A very important category of cancer-causing mutations do their mischief at the very beginning of the cell division process. These cancer-causing genes, called oncogenes, trick the cell into deciding that it is time to divide, when in fact it is not.
It has been clear for several years that one way to attack cancer would be to somehow mute the overly-loud divide signal being sent to the cell nucleus by oncogenes. Now we are learning how.
Signal Reception Inhibitors. The first step in cell division is the reception by a cell of a divide signal, usually a small molecule called a growth factor. These growth factors bind to special receptor proteins embedded within the cells outer membrane. Like banging on a door, their arrival signals that its time to divide.
In order to get the signal all the way into the nucleus — a very far distance in molecular terms — the cell employs a sort of pony express. The ponies in this case are enzymes called tyrosine kinases. These enzymes add phosphate groups to proteins, but only at a particular amino acid called tyrosine. No other enzymes in the cell do this, so the tyrosine kinases form an elite core of signal carriers not confused by the myriad other molecular activities going on around them.
There are 58 known tyrosine kinases that act as the receptor proteins mentioned above, each recognizing a different growth factor. 32 others relay the message inward from the receptor to the nucleus.
Many cancers result from having too many copies of one of the receptor proteins. Some 30 of the 58 kinds of surface receptors are implicated in some form of cancer.
25 to 30 % of breast cancers, for example, have too many copies of a receptor called epidermal growth factor receptor-2 (also called HER-2). While normal cells might have 10,000 copies, these cancer cells can have more than a million. An anticancer drug called herceptin battles breast cancer by sticking monoclonal antibodies (that is, antibodies that specialize in binding to just this protein) to these HER-2 receptors so they cant keep yelling divide.
Up to 70% of colon, prostate, lung, and head/neck cancers have excess copies of a related receptor, epidermal growth factor receptor-1 (HER-1). The monoclonal antibody C225 has succeeded in shrinking 22% of colon cancers in early clinical trials. Apparently blocking HER-1 interferes with the ability of tumor cells to recover from chemotherapy or radiation.
Signal Transduction Inhibitors. Some 15 of the 32 internal tyrosine kinases are also implicated in cancer. The trouble begins when a mutation causes one of these signal-carrying proteins to become locked into the ON position, sort of like a stuck doorbell that keeps ringing and ringing. To cure the cancer, you have to find a way to shut the bell off.

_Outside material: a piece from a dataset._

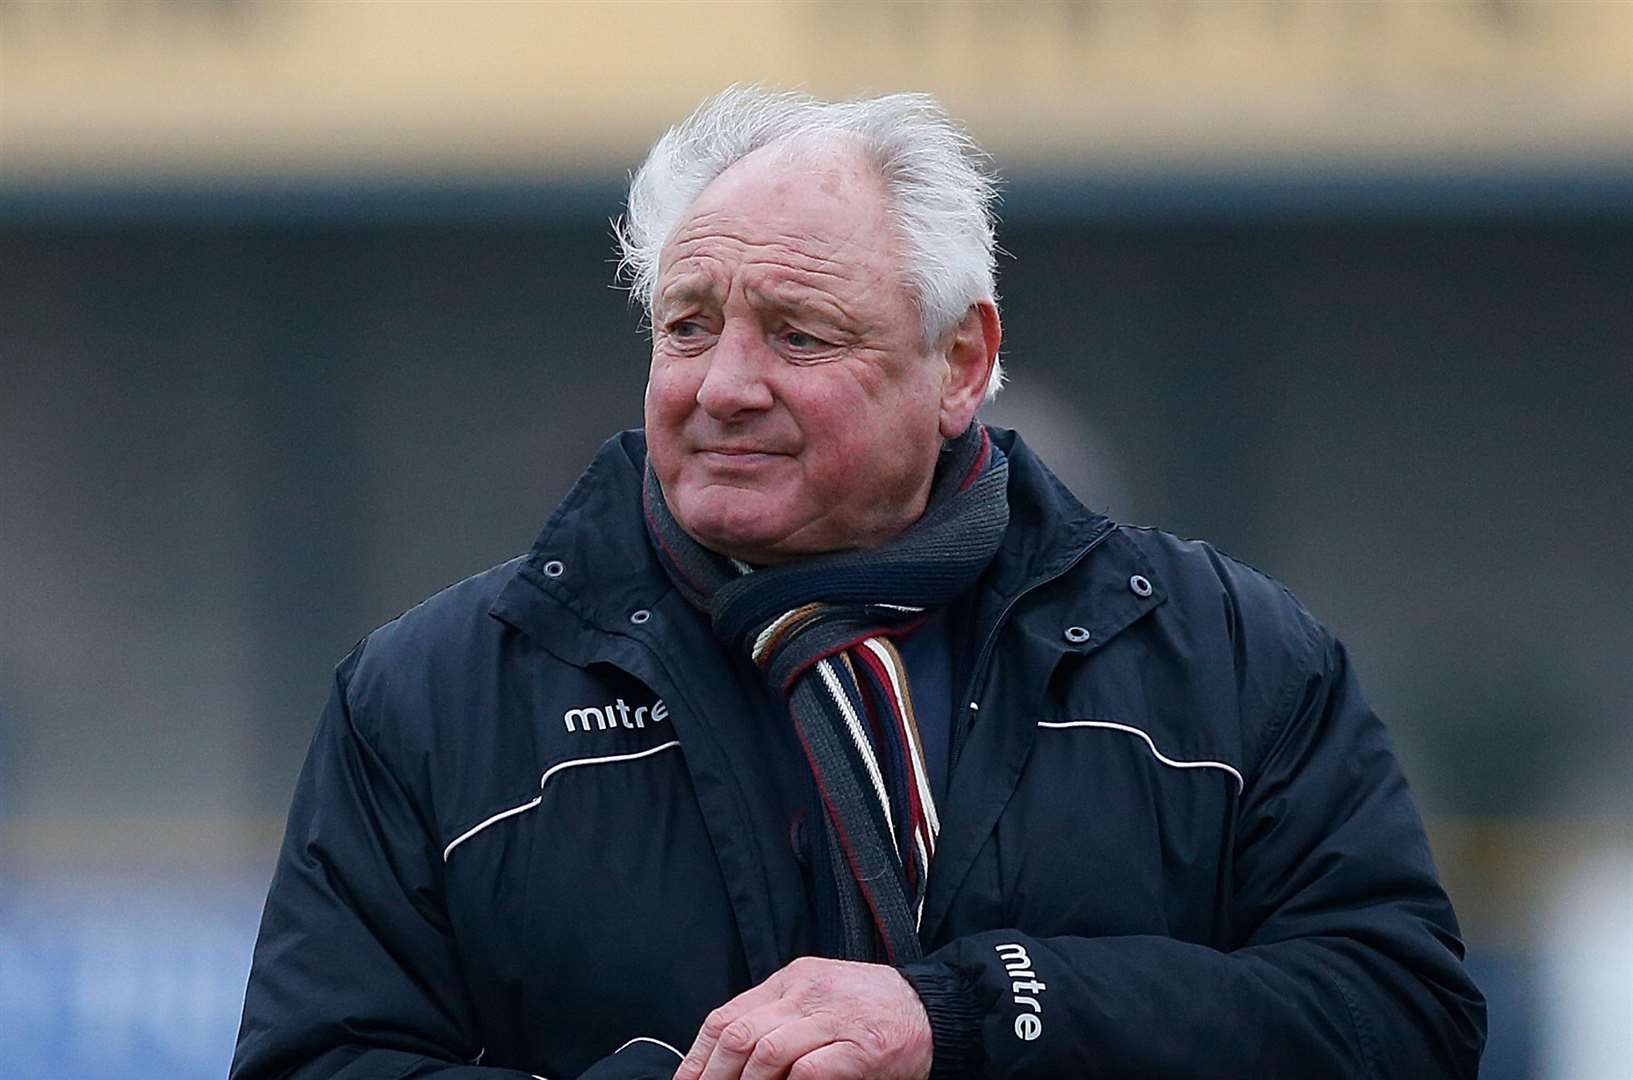 Folkestone Invicta manager Neil Cugley has chipped in to help with the club's finances

Each of the 15 signal carriers presents a different problem, as you must find a way to quiet it without knocking out all the other signal pathways the cell needs. A clear success was reported last May involving one of the internal kinases called abl.

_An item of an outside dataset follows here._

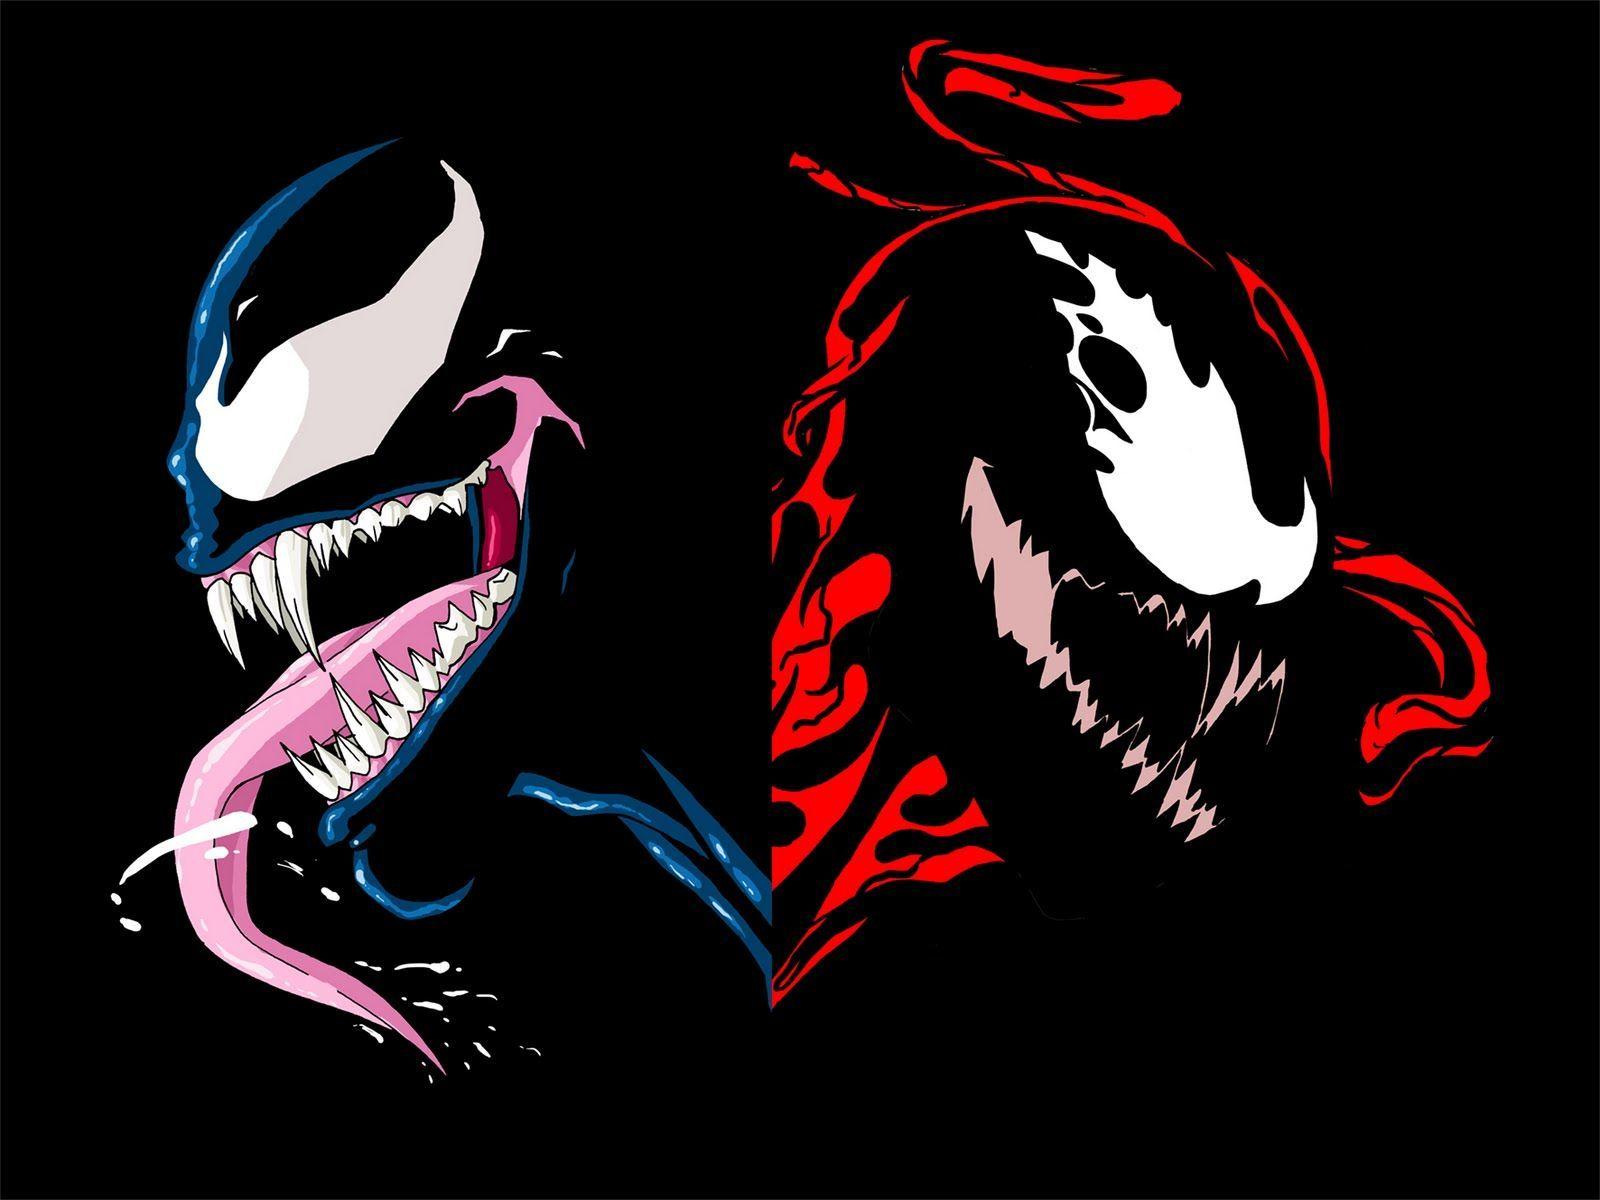 Carnage Wallpaper HD, Desktop Background, Image and Picture

The abl story starts in 1961, when doctors noticed that almost all patients with a rare form of white blood cell cancer called chronic myelogenous leukemia were missing a short segment of chromosome 22.

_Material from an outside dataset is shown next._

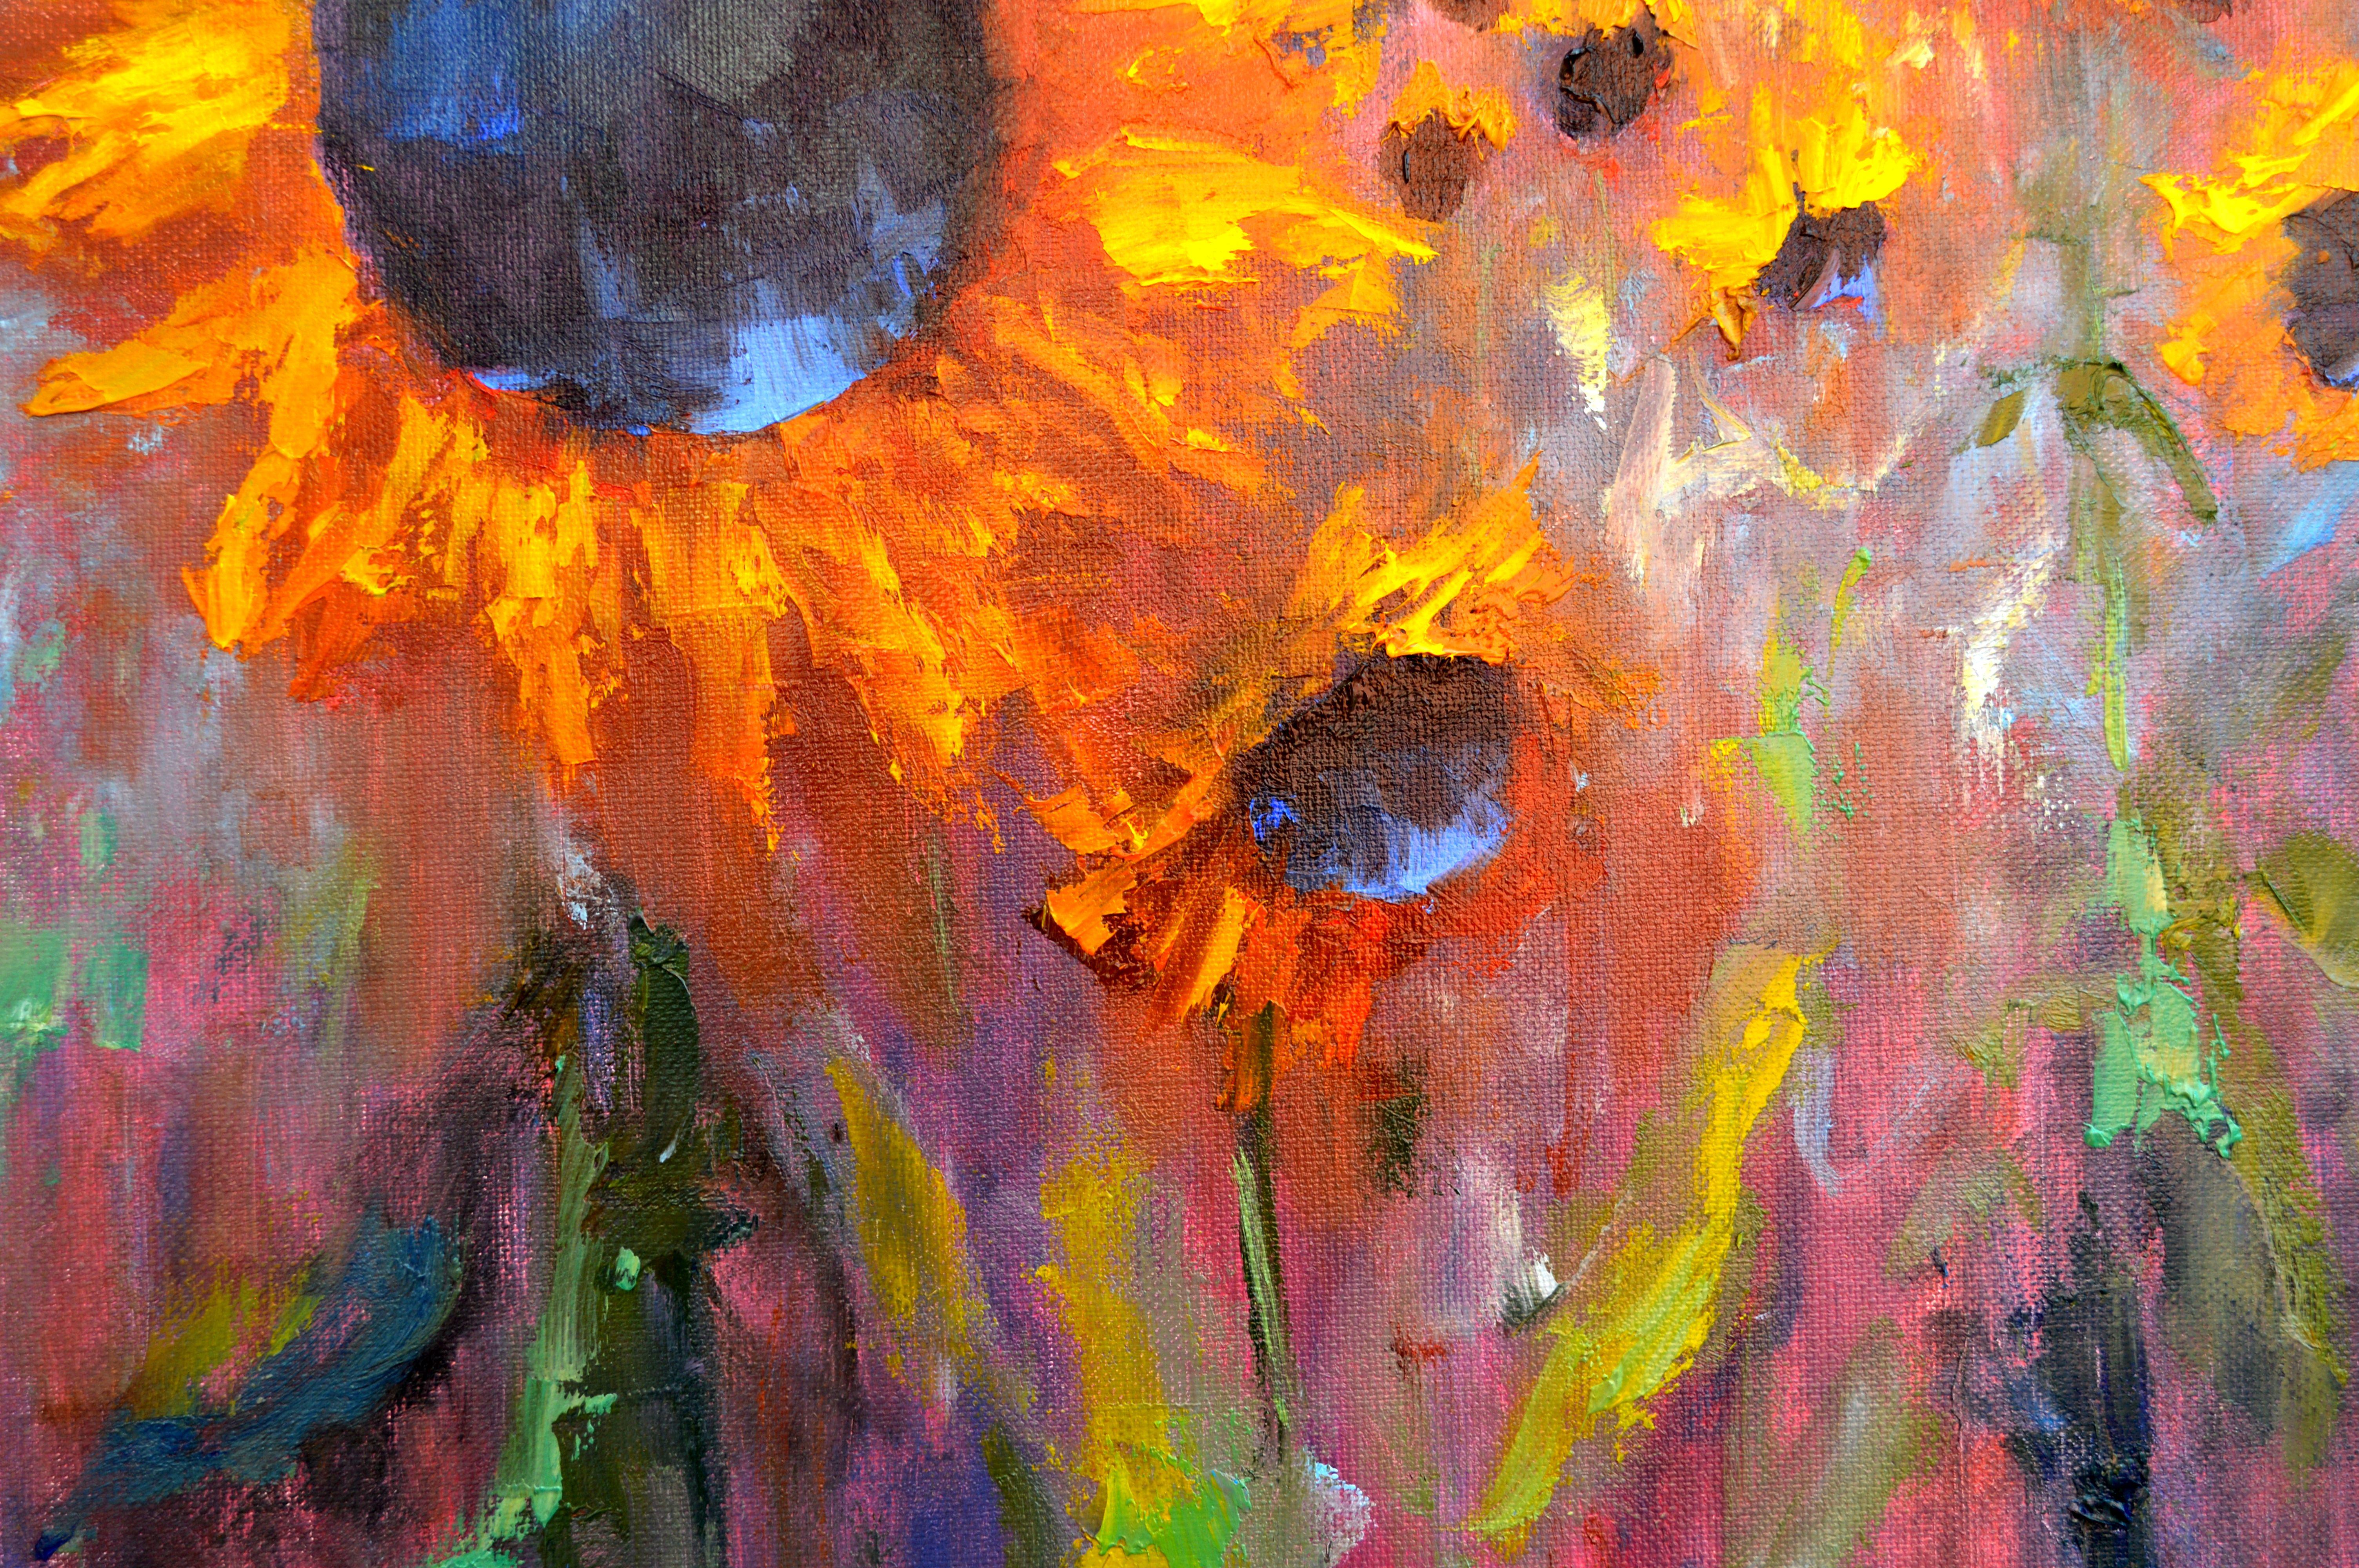 In this vibrant oil painting, I poured my heart into capturing the fierce beauty of sunflowers standing tall. Each stroke embodies the energy and warmth these flowers exude, blending impressionistic flair with realistic detail. The piece radiates a

Twenty five years later, researchers David Baltimore (now President of Cal Tech) and Owen Witte of UCLA found that the break point was within the tyrosine kinase gene called abl. The break chipped off a vital section of the gene, the part that allows the signal-carrying protein to shut itself off.
In 1985 Dr. Alex Matter of Novartis and Dr. Nicholas Lydon of Amgen set out to develop inhibitor of tyrosine kinases like abl. One of the chemicals they came up with, called STI-571, proved to be just the right shape to fit into the groove of abl that does its chemistry. Like pouring cement into a piano, this totally disabled abl. STI-571, since named Gleevec, was given swift approval as a cancer therapy for this rare leukemia last month. In one trial of 54 patients, blood counts reverted to normal in more than 90% of cases.
Gleevec also inhibits two other cancer-associated tyrosine kinases. Like hounds to the hunt, researchers are looking for drugs to inhibit others.
So while we are a long way from curing cancer, our hard-won understanding of the disease in research labs around the country is beginning to suggest potential targets for therapy.